Question

An aeroplane is flying horizontally at a height of 3150 m above a horizontal plane ground. At a particular instant, it passes another plane vertically below it. At this instant, the angles of elevation of the planes from a point on the ground are ${30^0}$ and ${60^0}$. Hence, the distance between the two planes at that instant is
A. 1050 m
B. 2100 m
C. 4200 m
D. 5250 m

Answer 1

Hint: Start with drawing a figure from the given information in the question, once the diagram is drawn you can apply trigonometric ratios in two triangles formed to get the required distances that is find the height of the second plane and subtract that from the height of the first plane.
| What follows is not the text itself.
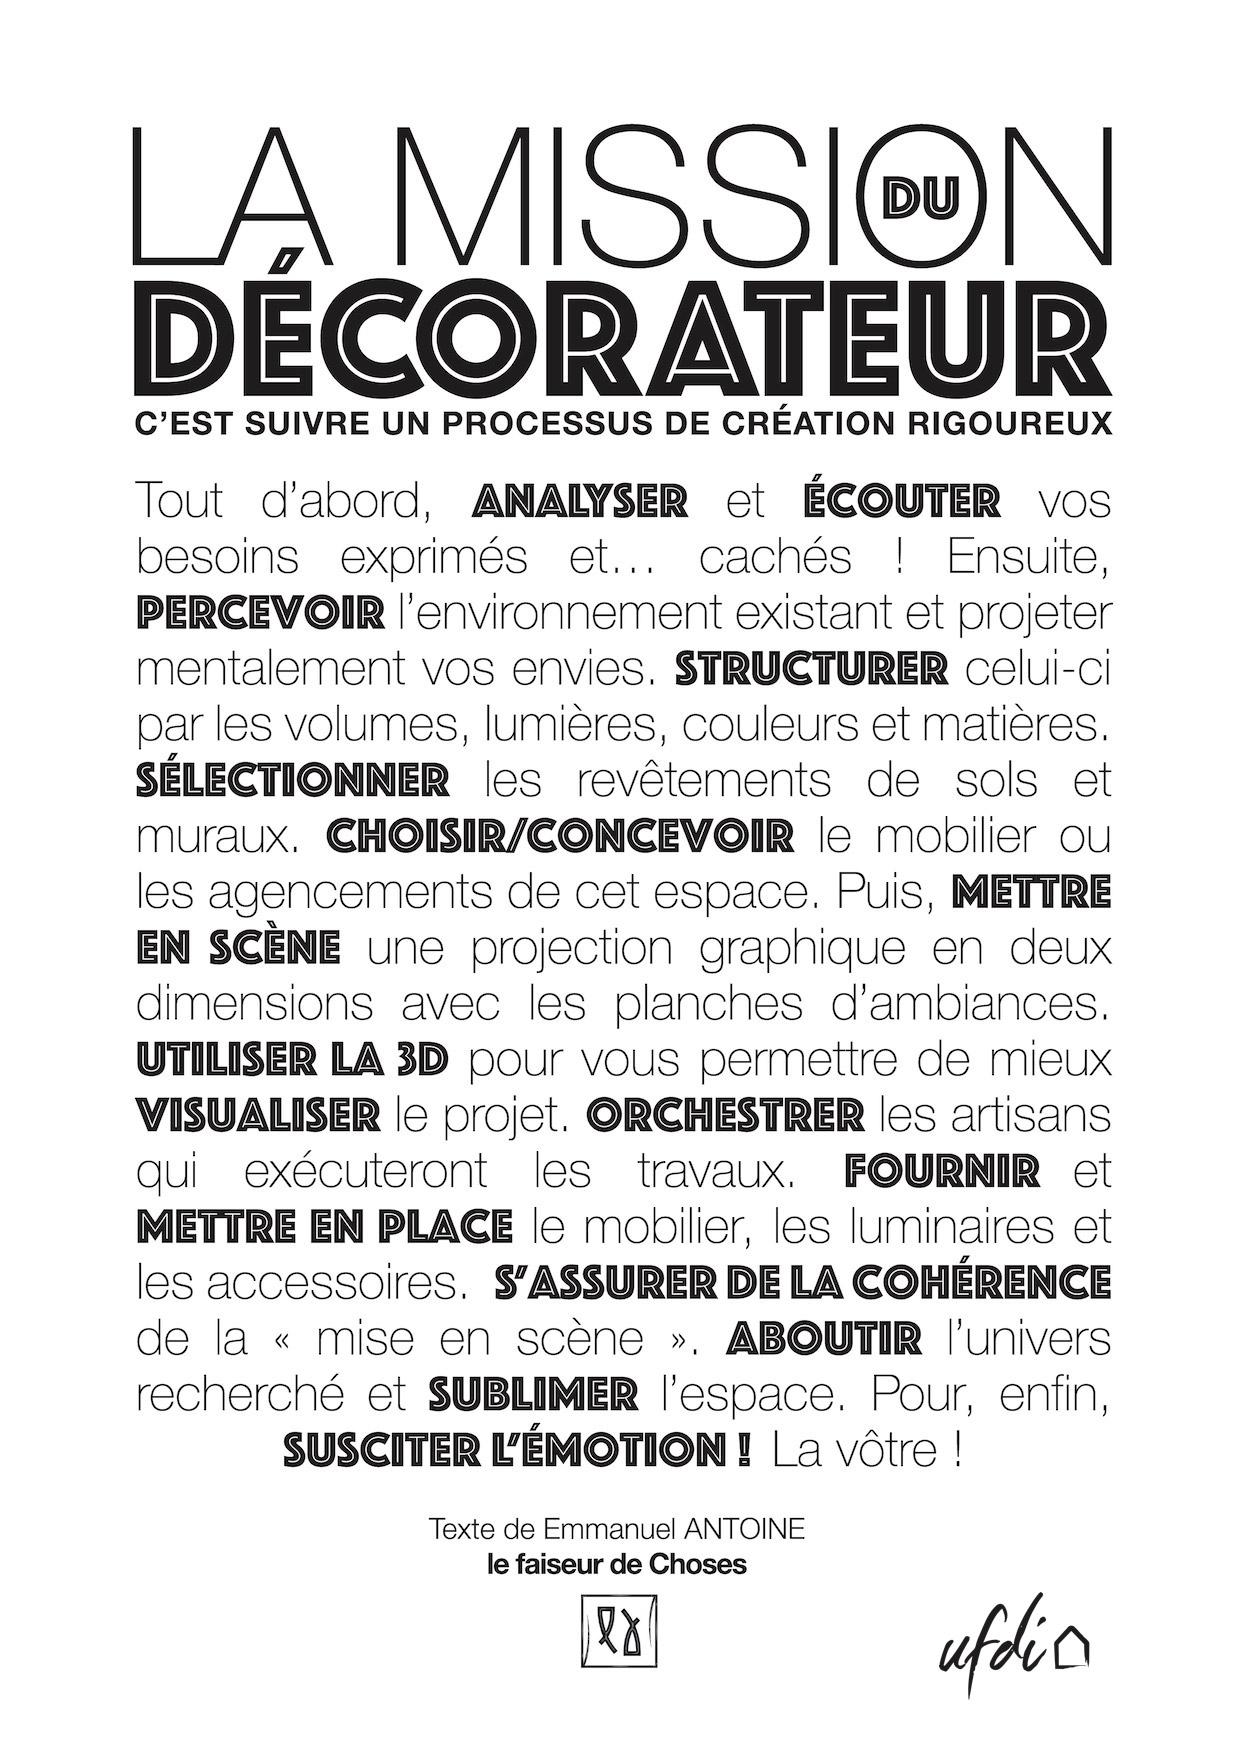 La mission du Décorateur par Emmanuel ANTOINE, Le faiseur de Choses, membre UFDI Bretagne

Complete step-by-step answer:

Now, in the figure, AB = 3150 m. At, B there is another plane. Let the distance between two planes be x. So, AD = x m. So, BD = 3150 – x m. Now, we will use tan x and value of tan x at ${30^0}$ and ${60^0}$.
Now, in triangle ABC,
\[\tan {\text{ 6}}{{\text{0}}^0}{\text{ = }}\dfrac{{{\text{AB}}}}{{{\text{BC}}}}\]
Now, we know that \[\tan {\text{ 6}}{{\text{0}}^0}{\text{ = }}\sqrt 3 \]. So,
\[\sqrt 3 {\text{ = }}\dfrac{{3150}}{{{\text{BC}}}}\]
Therefore, BC = $\dfrac{{3150}}{{\sqrt 3 }}$ m … (1)
Now, in triangle BCD,
$\tan {\text{ 3}}{{\text{0}}^0}{\text{ = }}\dfrac{{{\text{BD}}}}{{{\text{BC}}}}$
As, $\tan {\text{ 3}}{{\text{0}}^0}{\text{ = }}\dfrac{1}{{\sqrt 3 }}$
So, $\dfrac{1}{{\sqrt 3 }}{\text{ = }}\dfrac{{3150{\text{ - x}}}}{{{\text{BC}}}}$
Therefore, BC = $\sqrt 3 (3150{\text{ - x)}}$ m
Now, from equation (1) comparing value of BC, we get
$\dfrac{{3150}}{{\sqrt 3 }}{\text{ = }}\sqrt 3 (3150{\text{ - x)}}$
Solving the above equation, we get
3150 = 3(3150 – x)
3150 = 9450 – 3x
3x = 6300
x = 2100 m
So, the distance between two planes = x m = 2100 m
So, option (B) is correct.

Note: When we come up with such types of questions, the easiest way to solve the question is by using trigonometric ratios and their values at few angles. We have to follow a few steps to solve the given problem. We will first let the value be x and then we will apply trigonometric ratios in each triangle to find the value of x. Figure plays a very important role in solving such problems, so it is necessary to draw a figure to get a correct answer.